Книжка праздных мыслей праздного человека - Джером Клапка Джером - Страница 21
- Предыдущая
- 21/25
- Следующая
Человеку действительно гордо благородному нечего гоняться за чужим одобрением и сочувствием; он может довольствоваться собственным самосознанием, но его благородная гордость будет скрыта настолько глубоко, что на поверхности не проявится. Одинаково пренебрегающий хулой и похвалой, он остается неуязвимым в толпе. Возвышаясь над этой толпой целой головой и оценивая людей лишь по внутреннему достоинству, которое ясно прозревает, он, тем не менее, умеет обращаться одинаково «корректно» с представителями всех сословий и профессий.
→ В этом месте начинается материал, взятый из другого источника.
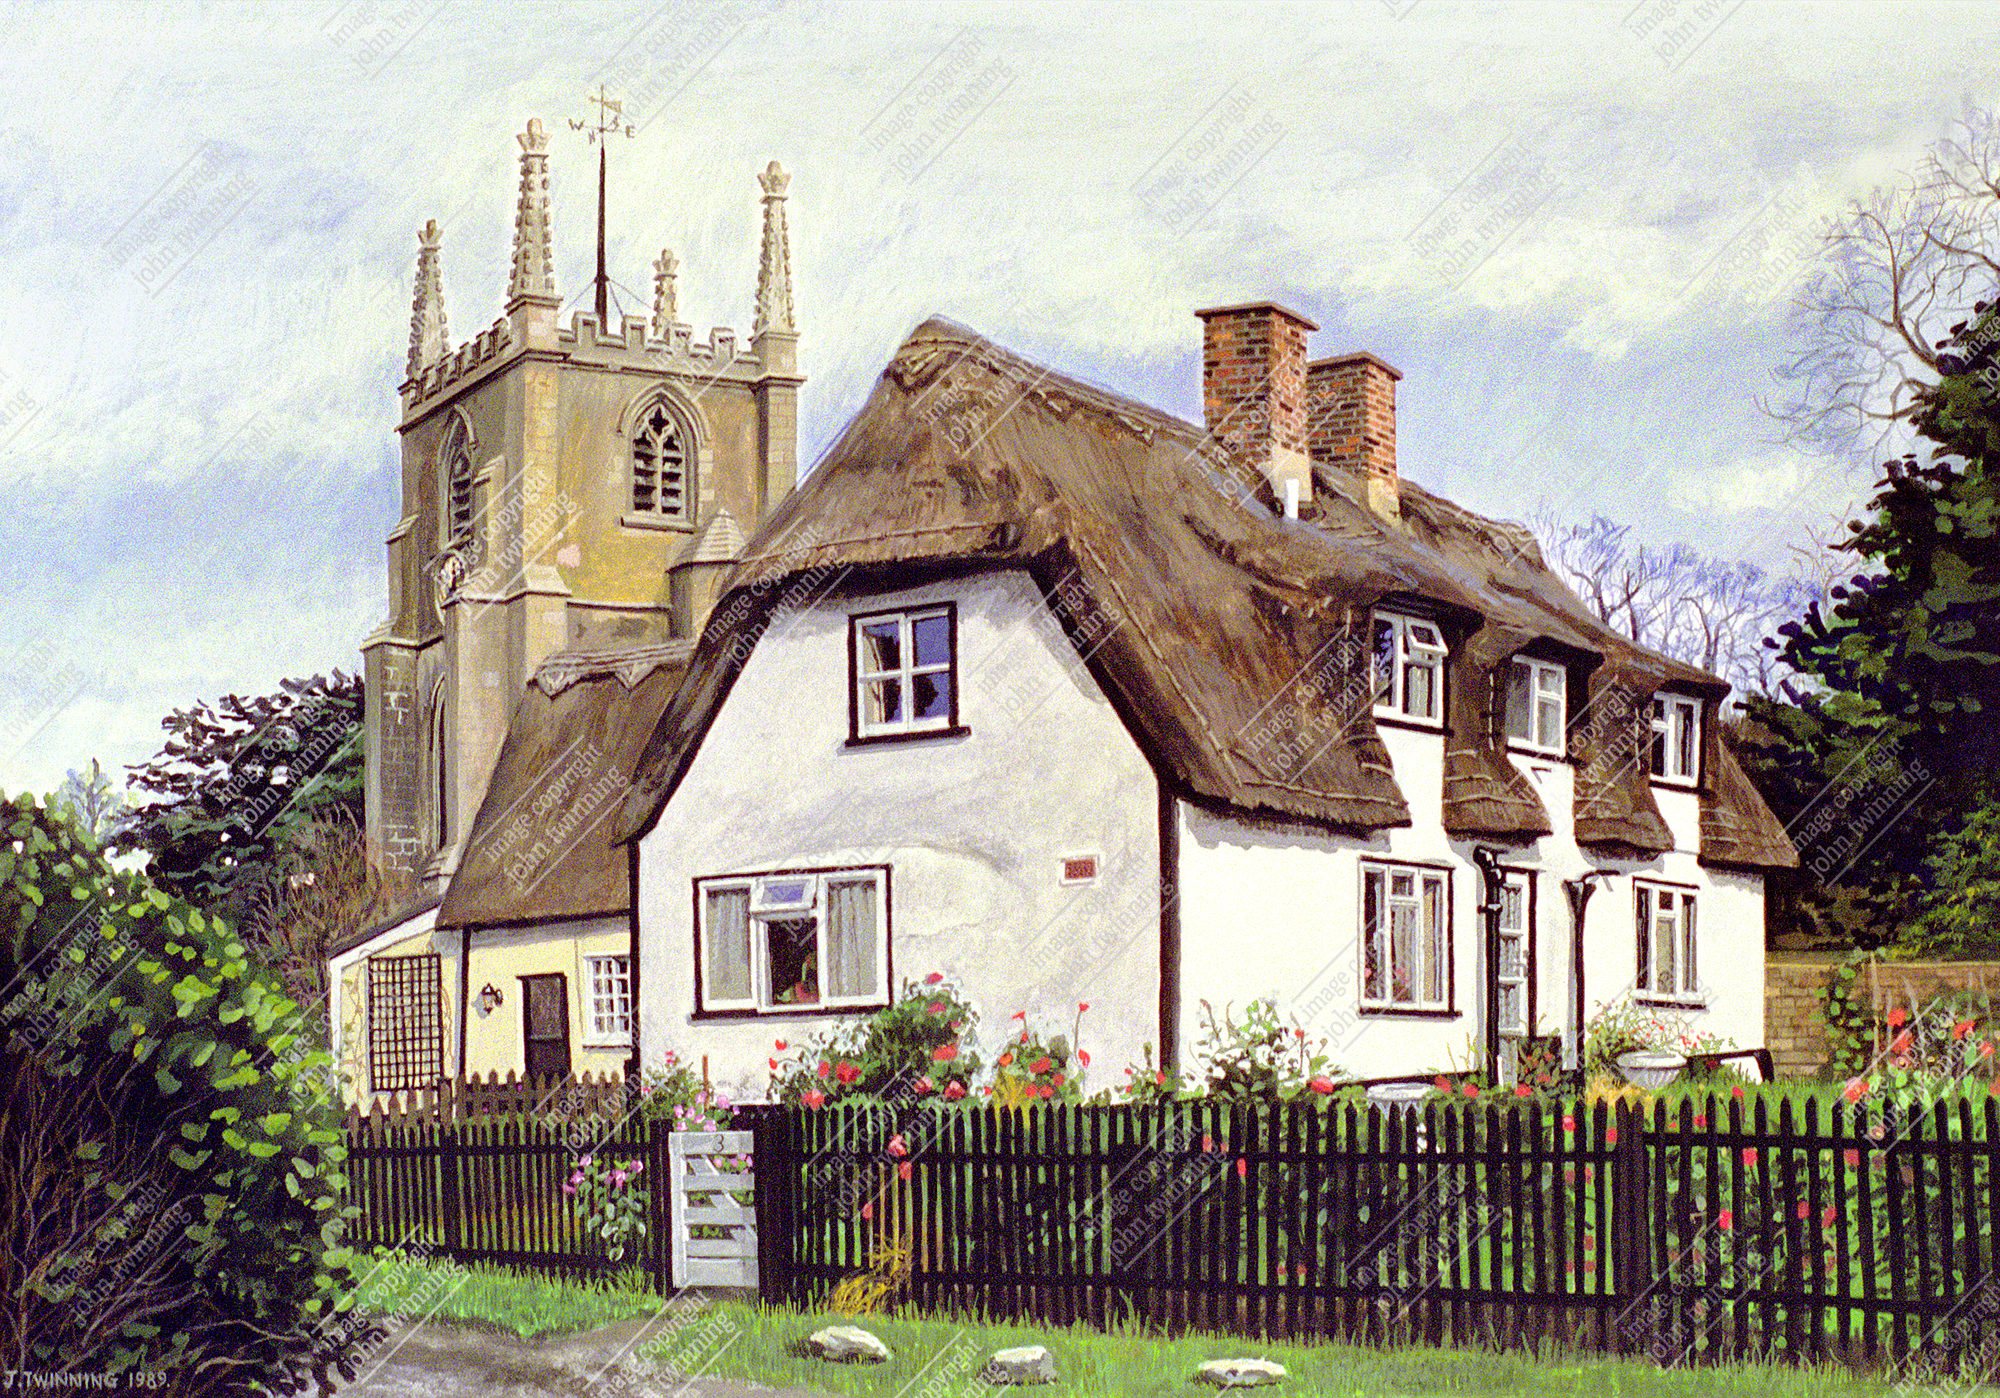 'Elsworth Village, Cambridgeshire' - art print from a painting of this lovely rural scene with parish church and cottages

И, служа лишь знамени собственных убеждений, такой человек никогда не становится под чужое в угоду каким бы то ни было лицам и веяниям времен, как это часто делают люди, мало уверенные в себе и в силе своих суждений, а потому то и дело жертвующие своими убеждениями в угоду соседу.
Робкий человек обыкновенно слишком скромного мнения о самом себе и слишком высокого о других. Но если он еще молод, то скромность с его стороны вполне похвальна. Ведь характер молодых людей еще не установился, а лишь только образуется среди хаоса сомнений и недоумений. По мере того как накопляется опыт и крепнет прозрение, неуверенность в самом себе должна исчезать. Человек редко переносит свою робость за грань юношества. Если даже окрепшая внутренняя сила не отметет в сторону робость, то это сделает сама жизнь со своим постоянным трением того, что нарушает ее общий ход. Вполне зрелого робкого мужчину вы, за редкими исключениями, только и увидите на страницах повестей, юмористических листков или на сцене, где он, кстати сказать, всегда вызывает всеобщее сочувствие, особенно женщин.
На сцене возмужалый робкий человек почти всегда представляется белокурым и с лицом ангела, эти лица на сцене почему-то постоянно являются белокурыми. Зрители к этому привыкли и ни за что не признают ангела с темными волосами. Я знаю одного артиста, который пред выходом на сцену не мог отыскать необходимого белокурого парика, поэтому должен был выйти черноголовым, каким был от природы. Он играл образец всех прекрасных качеств, соединенных вместе, но зрители, благодаря отсутствию на нем соответствующего его роли парика, каждое его выражение благородных чувств встречали, свистом и шиком, принимая их за насмешки «злодея».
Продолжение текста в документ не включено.